Roma, 21 dicembre 2025 – Gli italiani sono a letto con l’influenza e la temutissima variante K o ‘super flu’, situazione aggravata nel Regno Unito, dove la pressione sui sistemi sanitari è al massimo. Secondo gli esperti, il virus A/H3N2 J.2.4.1, noto come sottoclade K, sta alimentando l’aumento dell’attività influenzale stagionale a livello globale, caratterizzato da un incremento della prevalenza di virus influenzali stagionali A H3N2. In Italia, la nuova variante è già predominante, come indicano i dati della sorveglianza, riporta Attuale.
I sintomi per riconoscere la variante K o ‘super flu’
Molti si interrogano sui sintomi caratteristici per riconoscere la variante K. Il virologo Fabrizio Pregliasco ha chiarito all’Adnkronos Salute: “la vera influenza è sempre uguale. Cambia piuttosto la numerosità dei casi.

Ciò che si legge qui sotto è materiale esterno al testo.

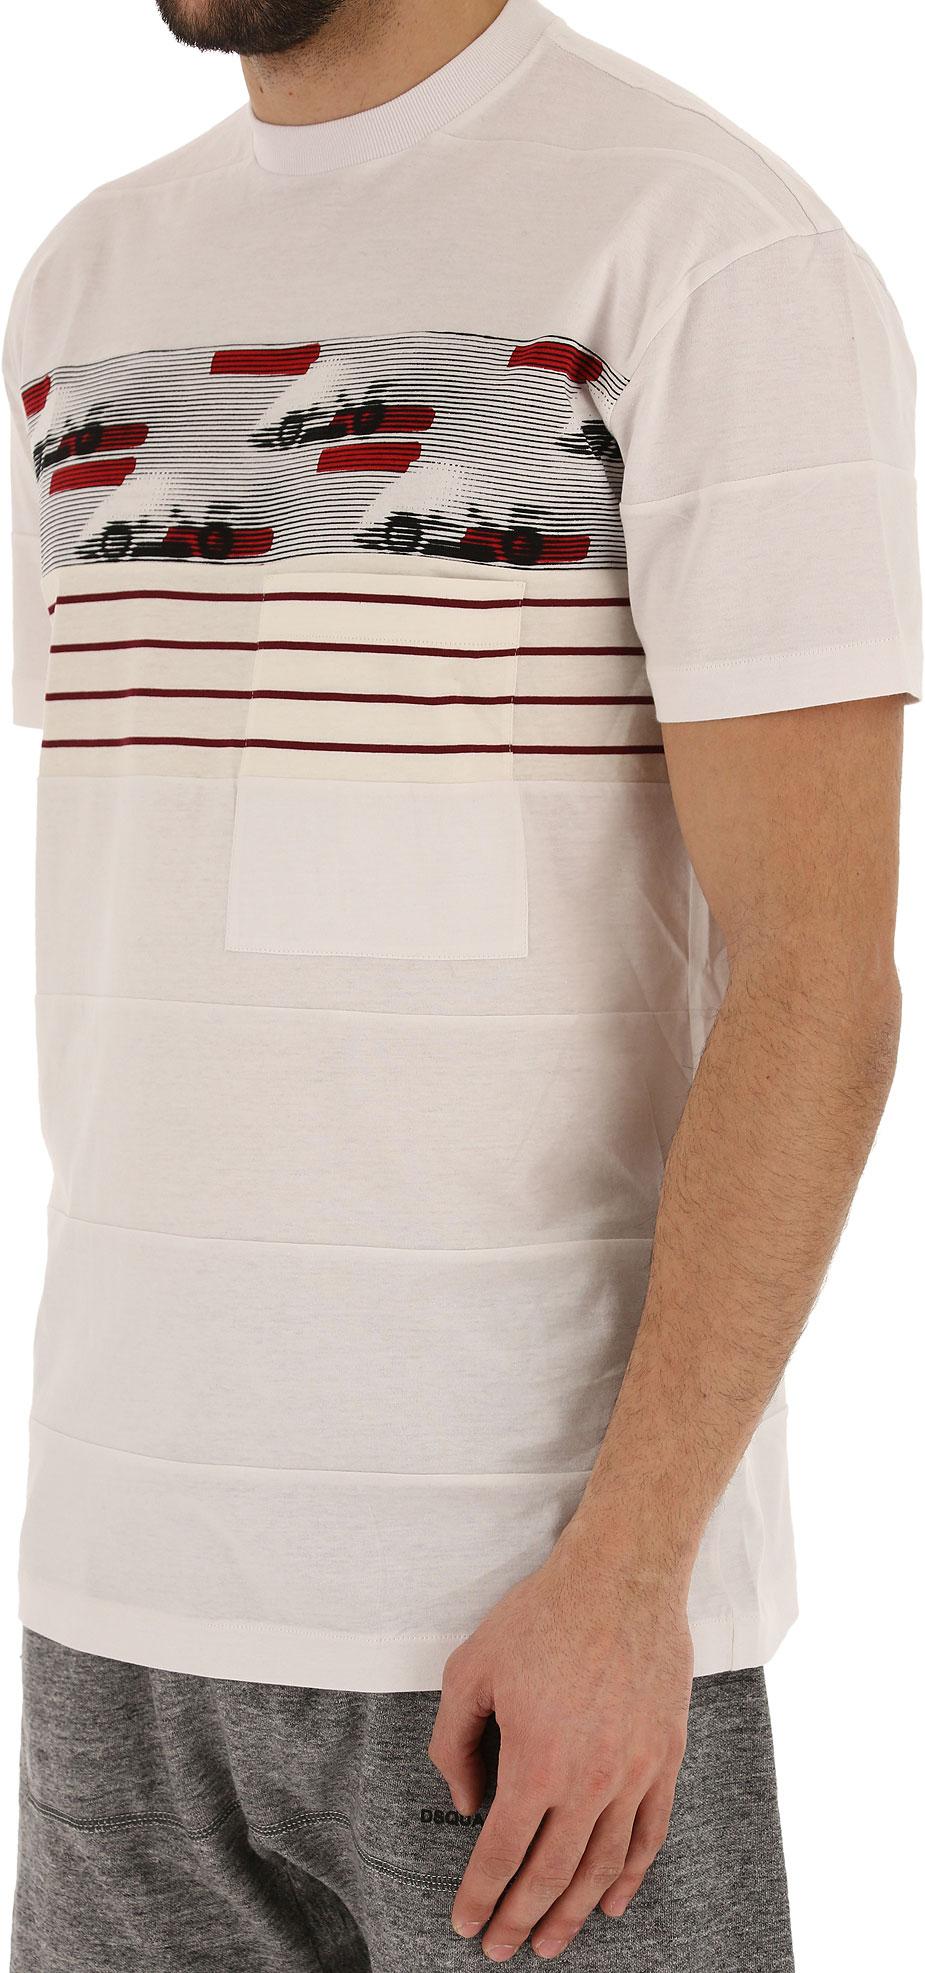 Abbigliamento Ujn320-1k9i-f0d17 Prada Uomo Codice Articolo

La variante K ha 7 mutazioni che rendono la sua emoagglutinina più immunoevasiva”. Anche gli esperti britannici, i primi a lanciare l’allerta, evidenziano che, grazie a queste mutazioni, il patogeno riesce a eludere il sistema immunitario, aumentandone la capacità di circolazione. Tuttavia, le autorità sanitarie concordano sul fatto che attualmente non ci siano segni di maggiore gravità nelle manifestazioni cliniche di questo virus. Se “gli anticorpi non lo riconoscono” con la stessa efficienza, il risultato è chiaro: “Tanti casi, e quindi tanti casi gravi o impegnativi”, ha spiegato Pregliasco.

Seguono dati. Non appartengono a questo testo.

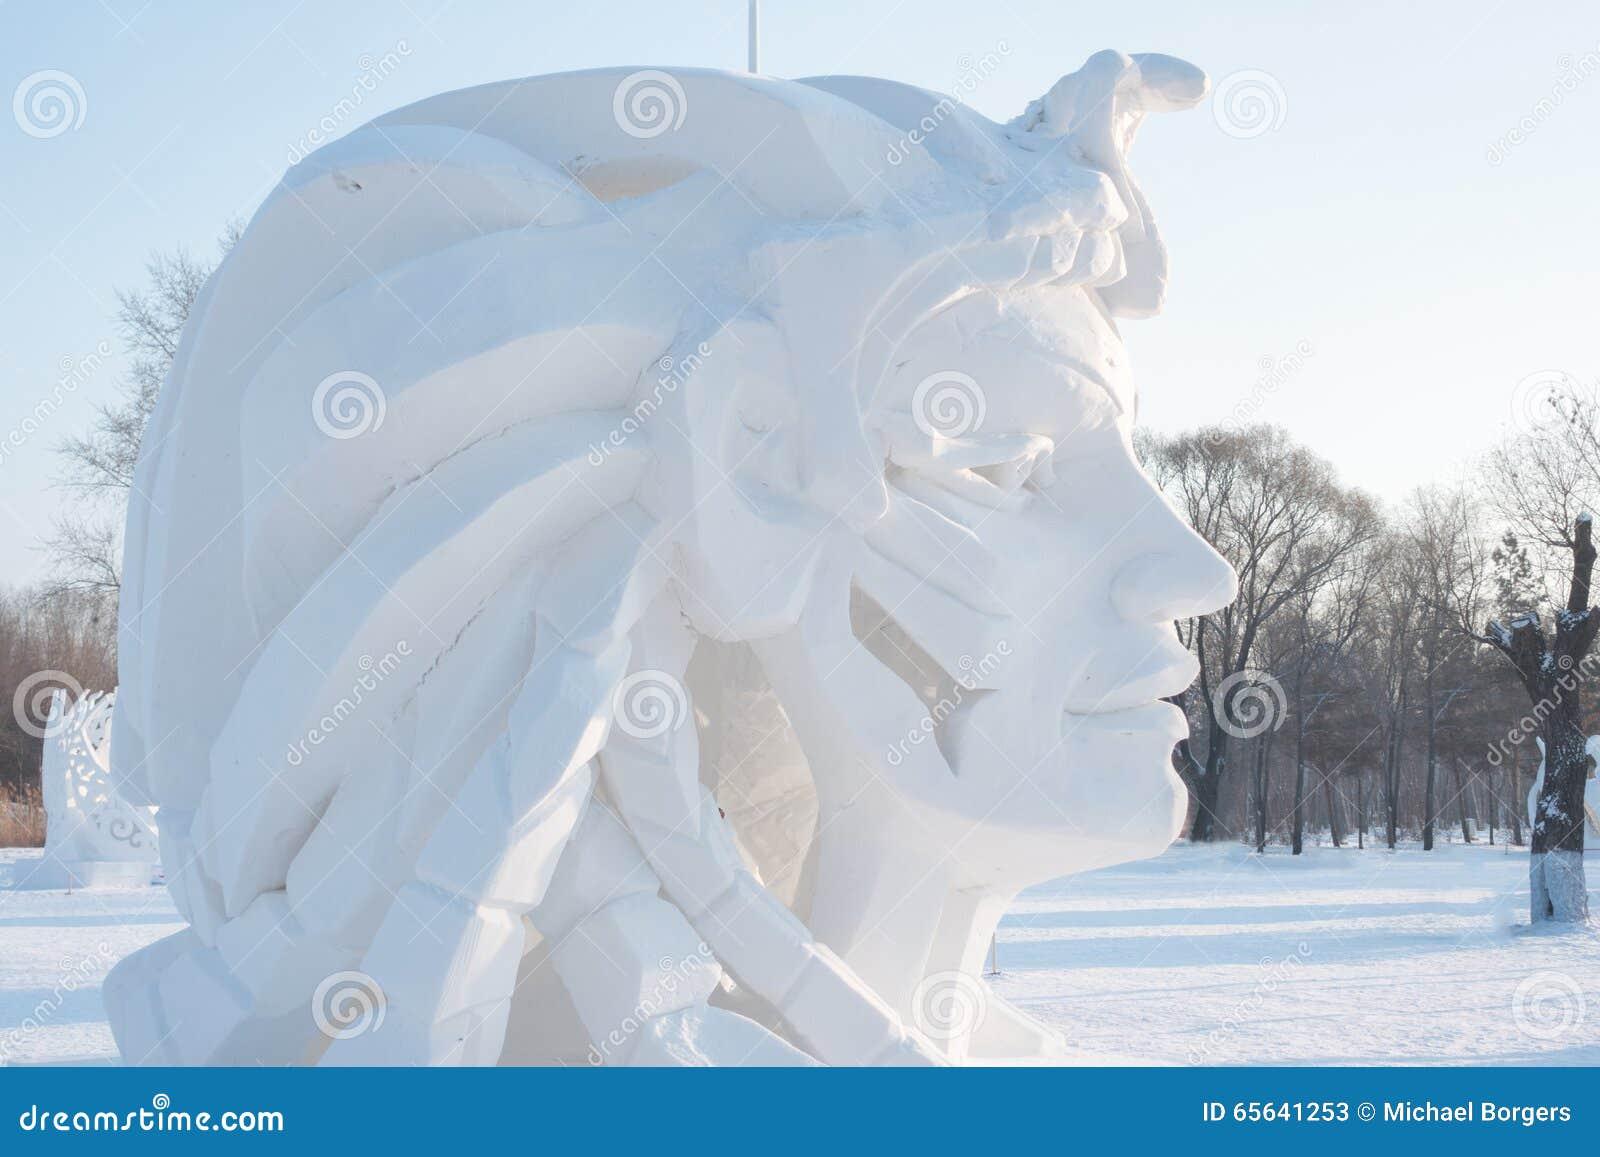 Visage géant avec de longs cheveux faits en neige

Prendendo in considerazione questo, nonostante si tratti di una nuova variante, l’H3N2 si presenta come la tipica influenza: febbre, tosse, mal di gola, dolori muscolari, stanchezza e talvolta disturbi gastrointestinali, come confermato da un medico di base britannico, Nisa Aslam, in un focus sul ‘Telegraph’.
Le ‘spie rosse’
Le ‘spie rosse’ da monitorare per capire se si è contratto l’influenza stagionale rimangono sempre le stesse tre: “Inizio brusco e improvviso della febbre”, sopra i 38°C, indica Pregliasco, “almeno un sintomo respiratorio” come naso chiuso o che cola, tosse, gola infiammata, “e almeno un sintomo sistemico”, quali dolori muscolari o articolari e stanchezza, spossatezza marcata.
Pregliasco: “Il picco dopo le feste”
“Negli ultimi 7 giorni monitorati abbiamo avuto più di 800 mila casi” di infezioni respiratorie acute e la curva continuerà a salire. Con l’andamento attuale, “nella settimana clou del Natale potremmo arrivare a superare il milione” di casi. Così si è espresso il virologo Fabrizio Pregliasco all’Adnkronos Salute, commentando l’incremento dell’attività dei virus respiratori registrato in Italia, come segnalato dall’ultimo bollettino della rete di sorveglianza nazionale RespiVirNet. Il Paese è ancora in una fase di crescita, con una particolare incidenza tra i più giovani, 0-4 anni e 5-14, segno di un aumento dell’epidemia. “Le feste saranno un elemento facilitante”, ha sottolineato l’esperto, citando i “viaggi, i baci e abbracci” durante le vacanze. Al termine delle festività e con la riapertura delle scuole, ci si aspetta un ulteriore incremento, con un picco stimato poco dopo il periodo festivo.